US Secretary of State Rex Tillerson will meet Suu Kyi on Nov. 15 for talks on the Rohingya crisis, and they are expected to hold a joint news conference.

“World leaders shouldn’t return home from these summits without agreeing to targeted sanctions to pressure Burma to end its abuses and allow in independent observers and aid groups,” Brad Adams, Asia director of Human Rights Watch, said in a statement that referred to Myanmar by its old name.

Desperate for help to cope with the massive influx of people, Bangladesh is lobbying furiously for pressure to be put on Myanmar.

“We want international communities to continue building pressure on Myanmar.
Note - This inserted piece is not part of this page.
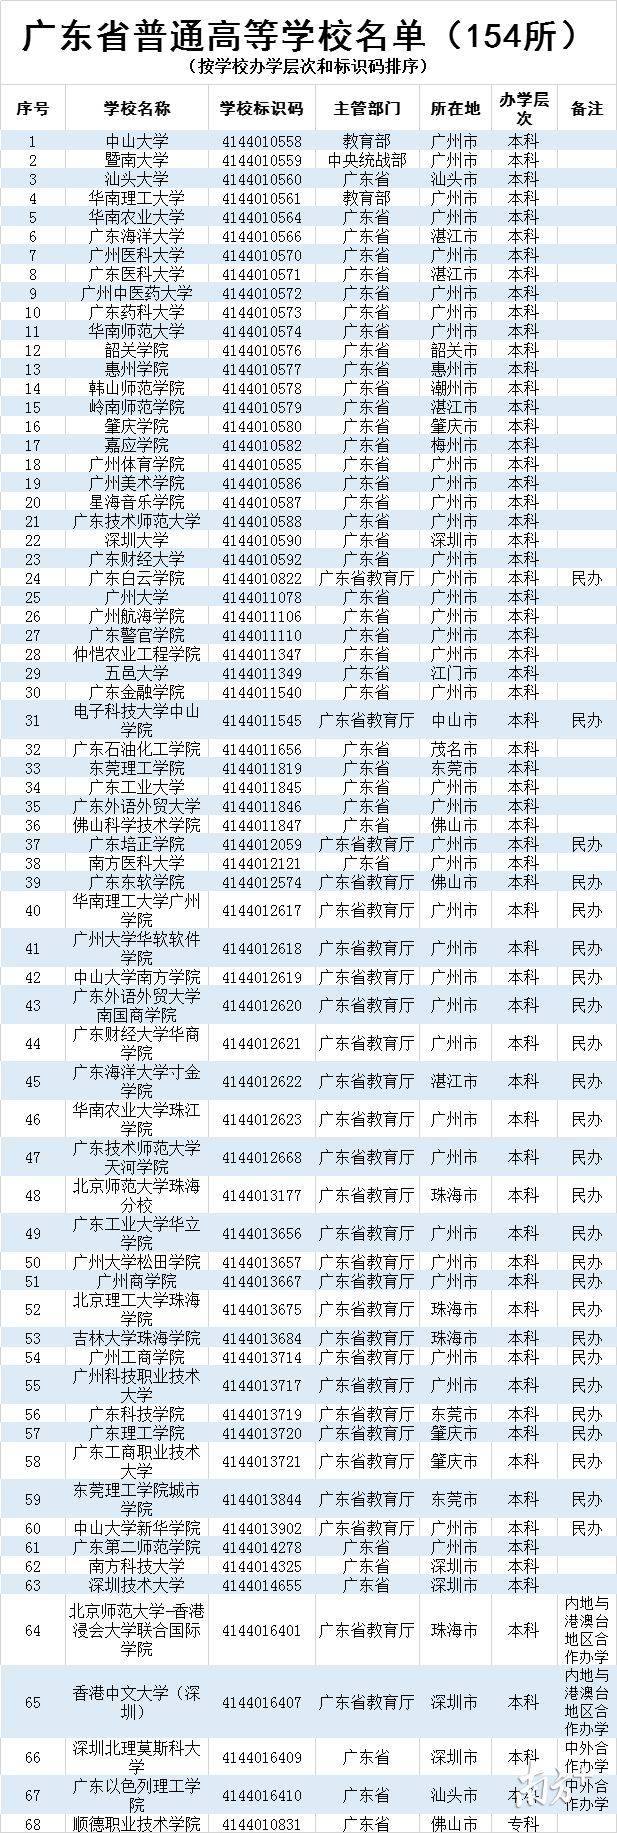 拒绝"野鸡大学"!广东154所高校最全名单,填报志愿必备

Otherwise, they won’t resolve the crisis,” a foreign ministry official in Dhaka told Reuters, adding that ministers from Germany, China, Japan and Sweden were expected to visit both countries later this month.

HRW’s Adams said leaders meeting Asia should discuss how to investigate alleged rights abuses and atrocities in Rakhine, and refer them to the International Criminal Court in the Hague.

The rights group also urged the Security Council to impose an arms embargo, economic sanctions and travel bans targeting Myanmar military officials.

Some US senators are pressing for the United States to impose its own sanctions, also targeting the military.

The Security Council this week opted for a strongly worded statement scolding Myanmar, as diplomats said China and Russia would have vetoed any resolution.

China has publicly supported the Myanmar government’s efforts to “maintain stability” in Rakhine. The stance taken by China and other Southeast Asian governments fighting insurgencies by Muslim militants should spare Myanmar from any harsh spotlight in the summits’ final communiques.

“On the Rohingya, the leaders will agree that there is no quick fix to the long-standing inter-communal problem with deep historical roots that needs to be carefully managed,” an ASEAN diplomat told Reuters, adding that the group aimed to deliver US$500,000 of relief supplies to Myanmar.